The Golden Rule in Email is Relevance

  |  January 8, 2014   |  Comments

There is an industry that has grown up around email creation and delivery. Of all the lessons and best practices, one trumps all others: make the message relevant to your audience.

mobile-emailLike most of you, I get a lot of mail. A whole lot. Hundreds of messages a day hit my inbox and while some I asked for, many I didn't. It is a near constant stream and my inbox looks more like a Twitter feed.

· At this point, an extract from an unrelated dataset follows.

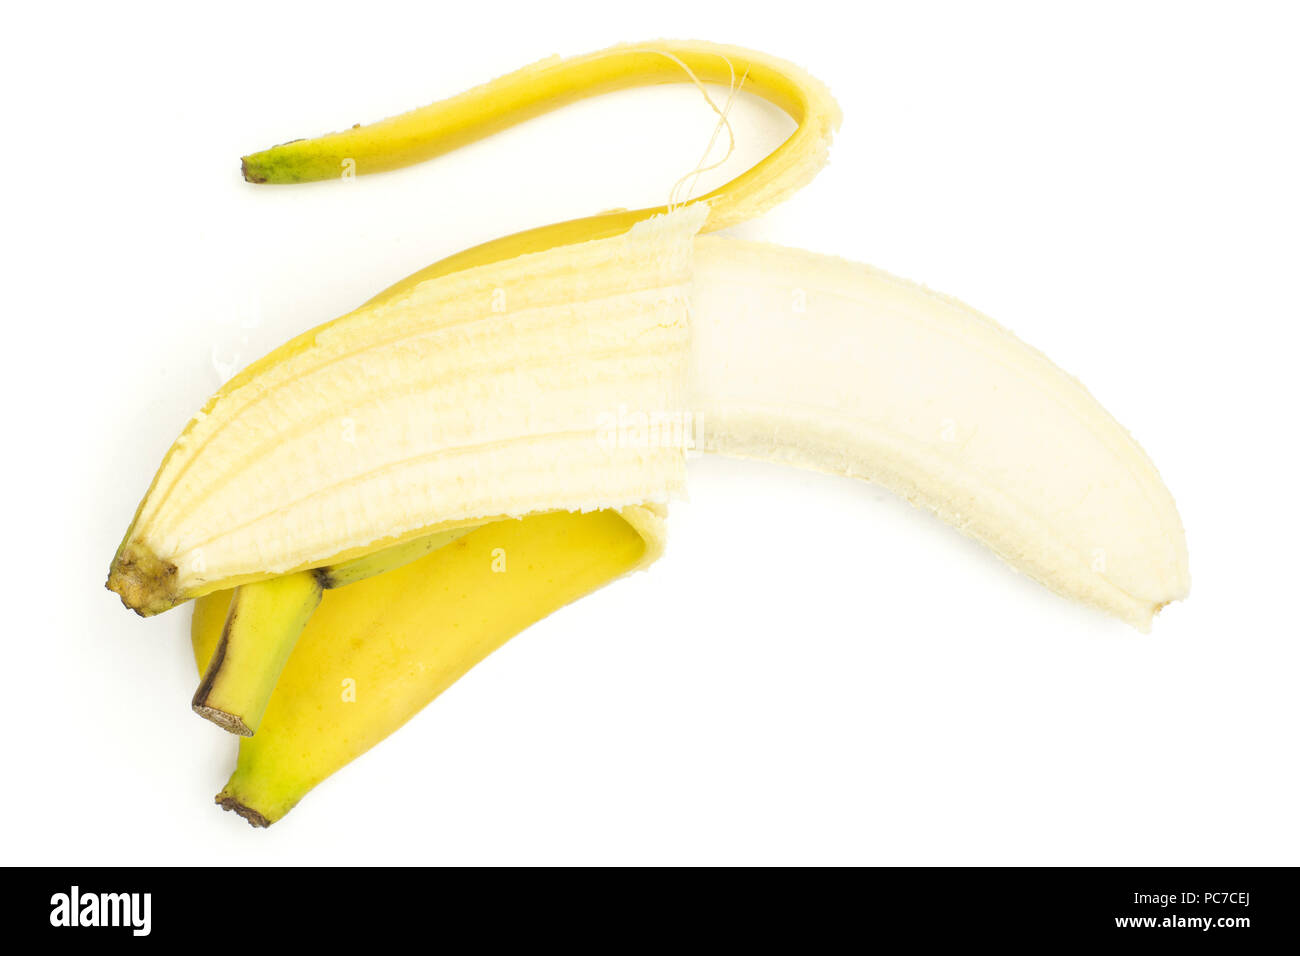 One whole opened fresh yellow banana flatlay isolated on white background Stock Photo

There is an industry that has grown up around email creation and delivery. Blog sites and field experts do an amazing job of helping marketers understand and implement best practices for getting their emails into inboxes, opened, and clicked (a proxy for read). A quick Google search on "email best practices" leads to a list of sites claiming to have the answers to questions like:

  • Ratio of images to text: Many people will tell you 25 percent images to 75 percent text is ideal.
  • The perfect subject line length: Is it too short? Too long? General best practices say to keep it under 50 characters, while still enticing the reader to open. 
  • The perfect (and not so perfect) subject line words to use: Using "Free" is a great way to get ignored, quickly - or worse, put into spam. 
  • The perfect time to hit send: Executives are more likely to read emails early in the morning or late at night. Consider your audience before picking a time.
  • The best person to send it from: Should it come from the company as a whole? A customer service person? The company's CEO?
  • The best email address to send it from: Does sound like an address you want to get an email from?

Each of these best practices is important. Otherwise they wouldn't exist. But after reading the first 40 Google search results I saw no sign of the Golden Rule of email best practices. I read a lot of blog posts telling me how the message should look, how many typefaces I should use, how wide the message should be, where my logo and the call to action should be, how to write a subject line, etc.

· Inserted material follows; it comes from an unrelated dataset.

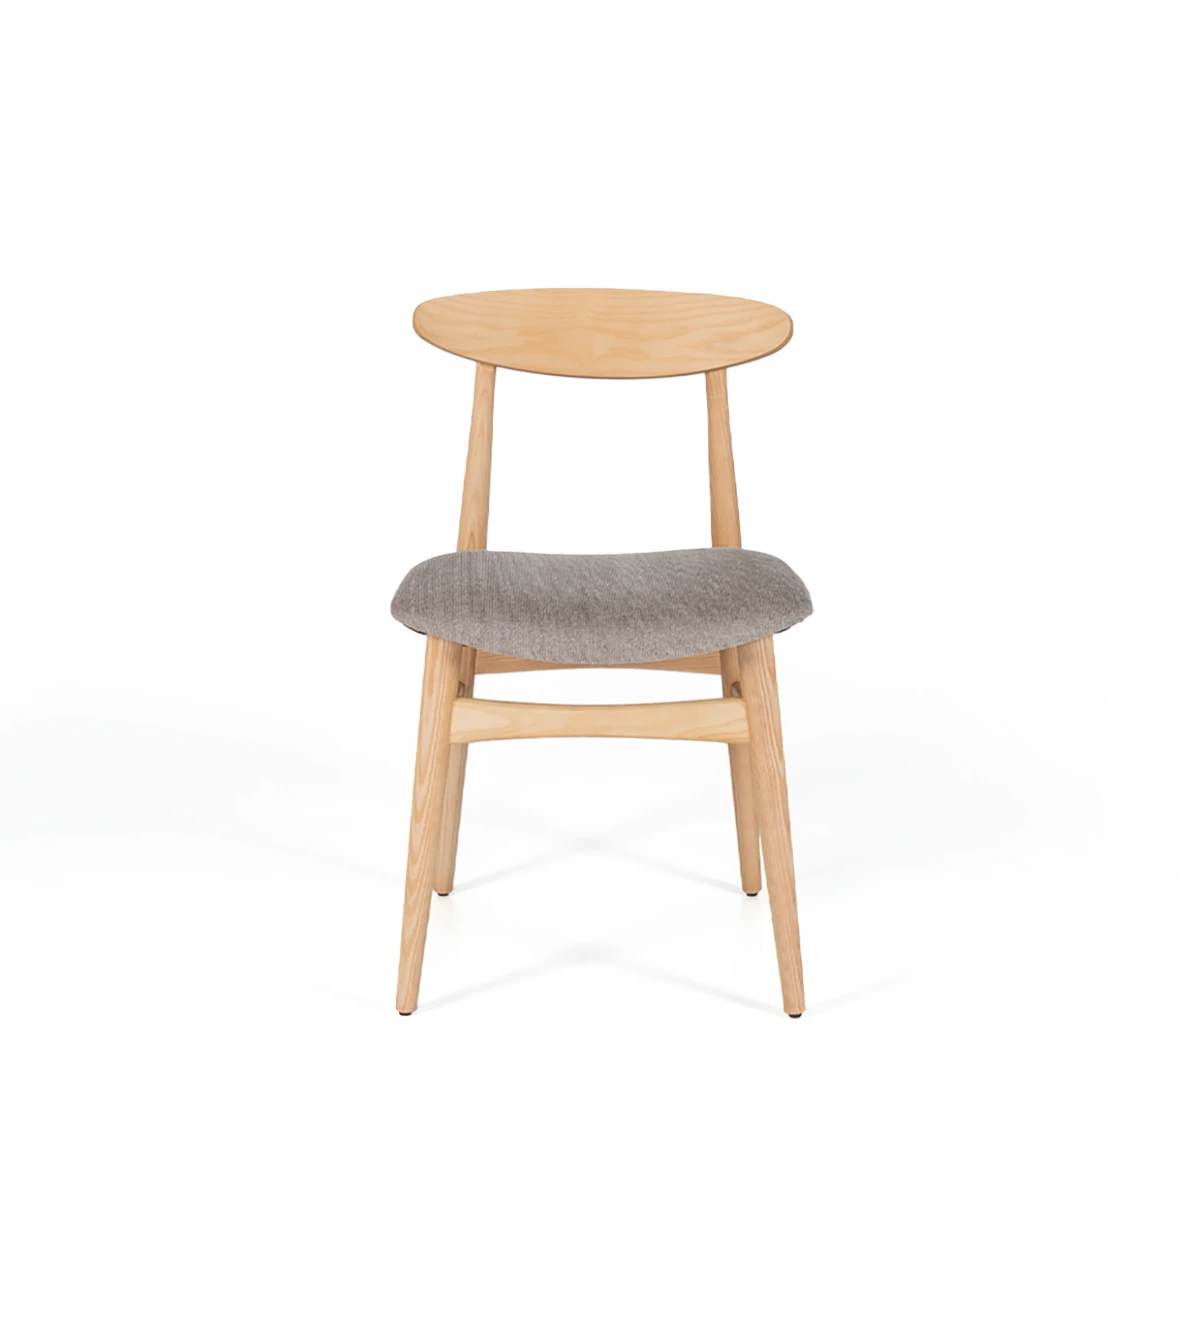 Chaise en bois de frêne, couleur naturelle, avec assise recouverte de tissu.

Again, important, but no sign of the most important best practice of all - make the message relevant to your audience. There is absolutely nothing more important than this.

I got more than 200 messages in my inbox today. I looked at or deleted each one. I actively looked for one. The one I looked for this evening is a daily blog. The content is so relevant to me that when I don't see it, I go looking for it. The author has connected with me by writing content that is relevant to a subject I care about in a way that is personal and engaging.

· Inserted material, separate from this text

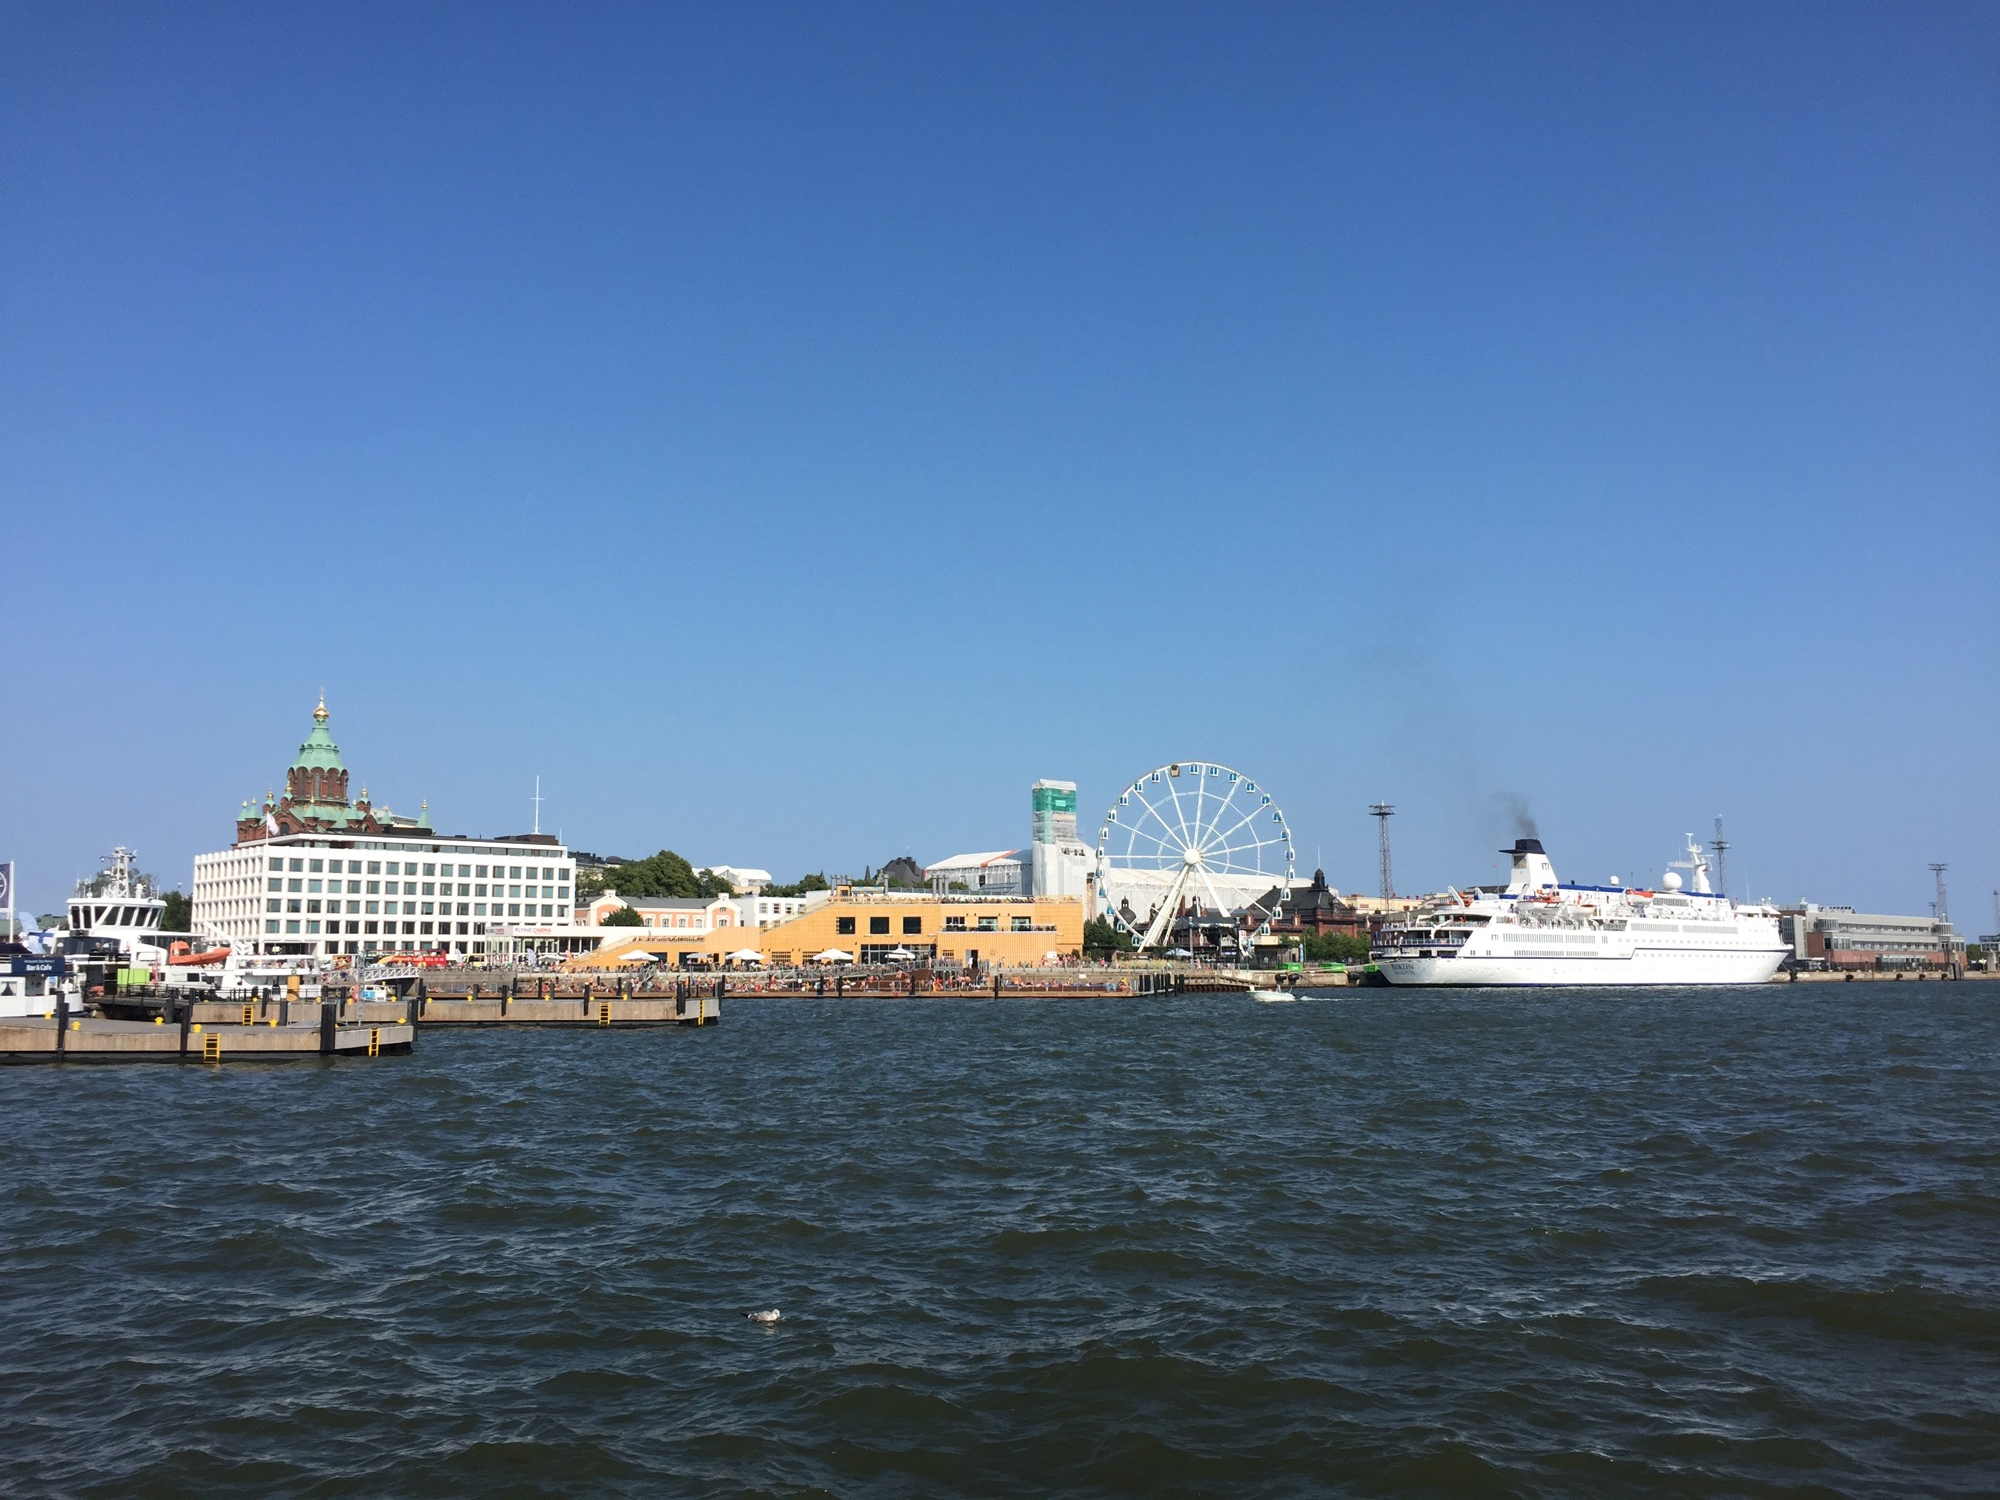 Aussicht auf die Hafenpromenade von Helsinki inklusive Riesenrad und Kreuzfahrtschiff

His subject lines ignore all the rules. His text to image ratio is terrible by best practice standards. His call to action comes when it comes. He only uses one type face. Sometimes his posts are long and sometimes his posts are short. There are times in which I don't connect with the message, but more often than not I do. Often enough that I seek his message out of a crowded inbox every day.

By contrast, my favorite retail store sends me at least one message a day and not one of them is relevant to me. This store knows exactly what I have purchased and when I purchased it. They know my buying habits and their emails follow every "best practice" I can think of. Yet each message I get from them is filled with beautiful pictures and limited text presenting items and categories I have never shopped before. I delete every one of them now.

I get over 200 emails a day. I delete many. I look for one. Relevance matters. In my inbox it matters most.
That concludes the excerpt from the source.